LT. GOV. Kathleen Kennedy Townsend's march toward the governor's office proceeds as if success were foreordained. At virtually every critical juncture in the campaign's early stages, the Townsend forces have prevailed.
Virtually every ranking Democrat in Maryland has endorsed her. This was expected. But the unspoken truth is that many Democrats have concerns about her ability to govern, and it was remotely possible one or more would hold out.
She's going to have plenty of money for campaign advertising, attack and otherwise.
The challenger who seemed likely to give her real difficulty, Mayor Martin O'Malley of Baltimore, declined to run. Now she won't have a costly primary. Her party won't be torn and weakened, perhaps the only circumstance that could leave her vulnerable in the general election. She can save her resources for the Republican.
A potentially embarrassing defection to the GOP candidate did not occur. Ms. Townsend's friends and other considerations convinced Maryland's school superintendent, Nancy S. Grasmick, to remain a Democrat. Ms. Grasmick flirted with the idea of running for lieutenant governor with Rep. Robert L. Ehrlich Jr., the likely Republican nominee.
As lieutenant governor, Ms. Townsend can rely on a steady diet of official or quasi-official events to propel her campaign through the summer.
So, she's a mortal lock, right? Maryland has twice as many registered Democrats as Republicans, so a Republican victory will demand a near-perfect race.
Mr. Ehrlich already lost an important public relations skirmish when Ms. Grasmick refused his offer.
And, days later, the GOP candidate's effort to seem middle-of-the-road hit a pothole. The Ehrlich camp sent a fund-raising letter to Republican givers in which they were urged to send money so that another Kennedy wouldn't end up in the White House. Anti-Kennedy fusillades are red meat for the right wing, of course, but throwing them out in 2-1 Democratic Maryland could inflame and mobilize the other side.
A gaffe of that sort comes, in part, as a result of Ms. Townsend's other successes. Every obstacle removed from her path, every endorsement and every rescued embarrassment (Ms. Grasmick's decision) sends a tremor into the opposition. A desperate-seeming appeal for money in a shrill anti-Kennedy letter would seem to be a case in point.

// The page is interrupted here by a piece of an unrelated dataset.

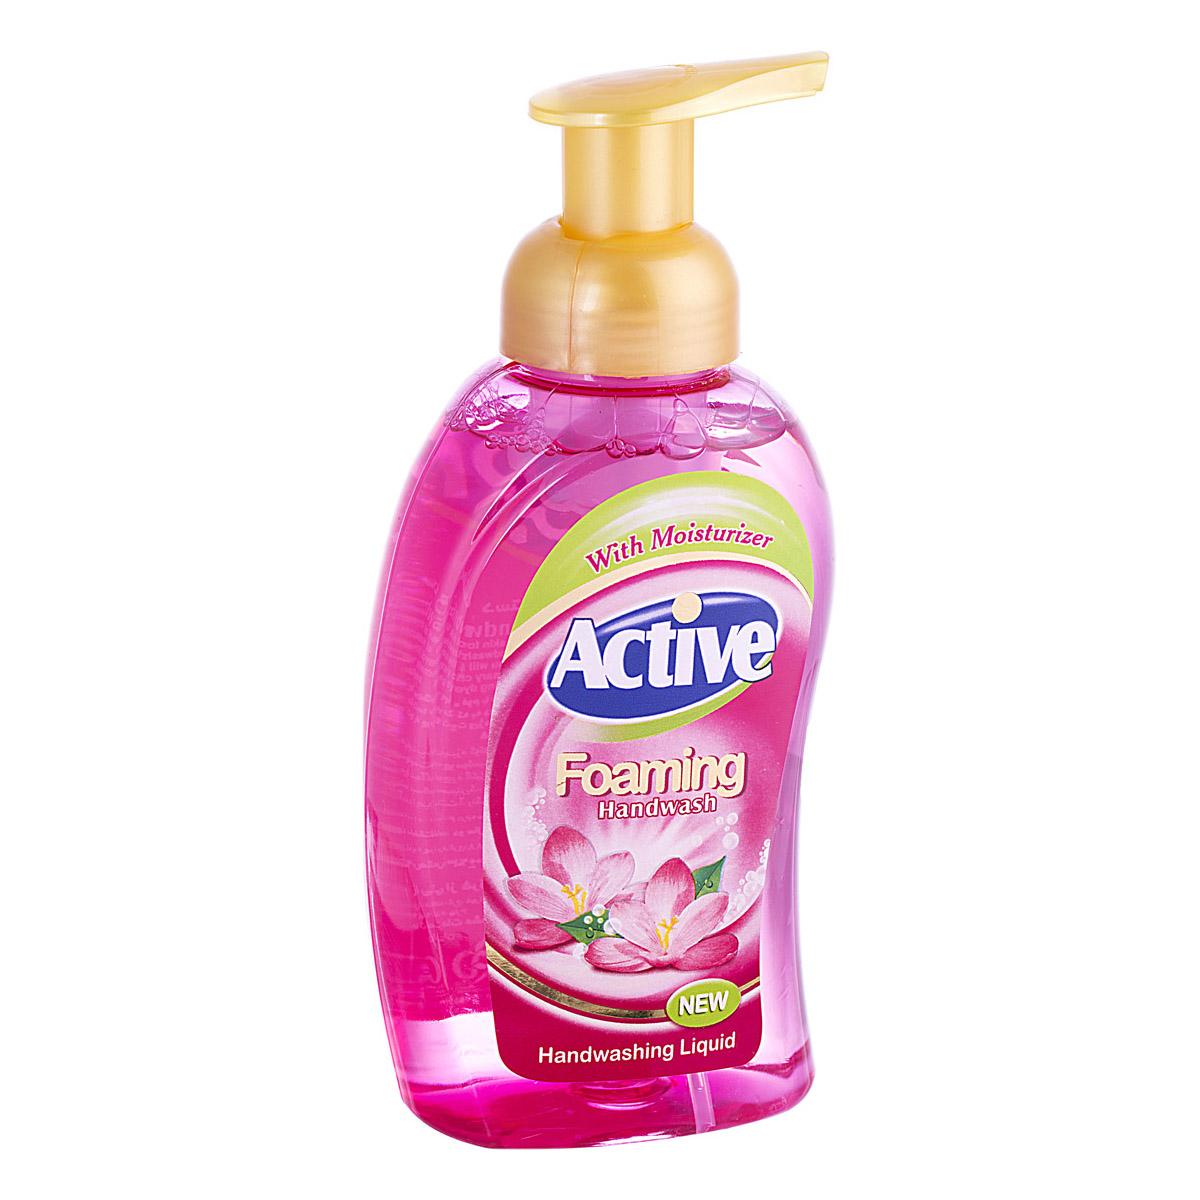 مایع دستشویی فوم اکتیو

So, she's home free, right?
Not necessarily.
As a byproduct of her no-primary victory, there will be fewer opportunities to make a damaging gaffe. Throughout Maryland, addicted political insiders are collecting Kathleen malapropisms. Most of them are more endearing than damaging, but they could grow into a body of negative evidence. Some say that accretion of ship-scuttling material has already built to a level of concern for her. There's plenty of anti-Kathleen talk in the wind, but it hasn't reached anything like critical mass.
But her campaign faces at least two other concerns:
Democratic Party leaders keep offering evidence to support a federal judge's declaration that Annapolis has been engulfed in a "culture of corruption." Federal District Court Judge J. Frederick Motz made that observation after lobbyist and onetime Democratic Party official Gerard Evans was convicted of fraud.
Another insider, Bruce C. Bereano, had been convicted on mail fraud charges before that and seems to be flirting with serious trouble yet again. Republicans will say: In the culture of Annapolis, repentance and reform aren't necessary.
Competence may not be required, either. The Democrats' redistricting plan was ruled unconstitutional by the Court of Appeals. The court will now draw the legislative district map, embarrassing the Democrats and threatening to throw the election schedule off-kilter.
The court intervened because it found the map faulty - but also because Democratic state Sen. Thomas V. Mike Miller Jr. made phone calls to judges while the redistricting matter was pending. High-handed, at least, possibly worse. The court had no choice but to take over.
It's all a made-to-order political indictment to be served by the Republican Ehrlich against the Democrat Townsend - even before one gets to issues such as Maryland's ominous financial condition, another matter Ms. Townsend will be asked to address.
So, is the race over? Or is it time to "clean out the mess in Annapolis?" Will Mr. Ehrlich be able to prosecute the case?
The jury, sometimes known as the voters, will be out until Nov. 5, Election Day.
C. Fraser Smith is an editorial writer for The Sun. His column appears Sundays.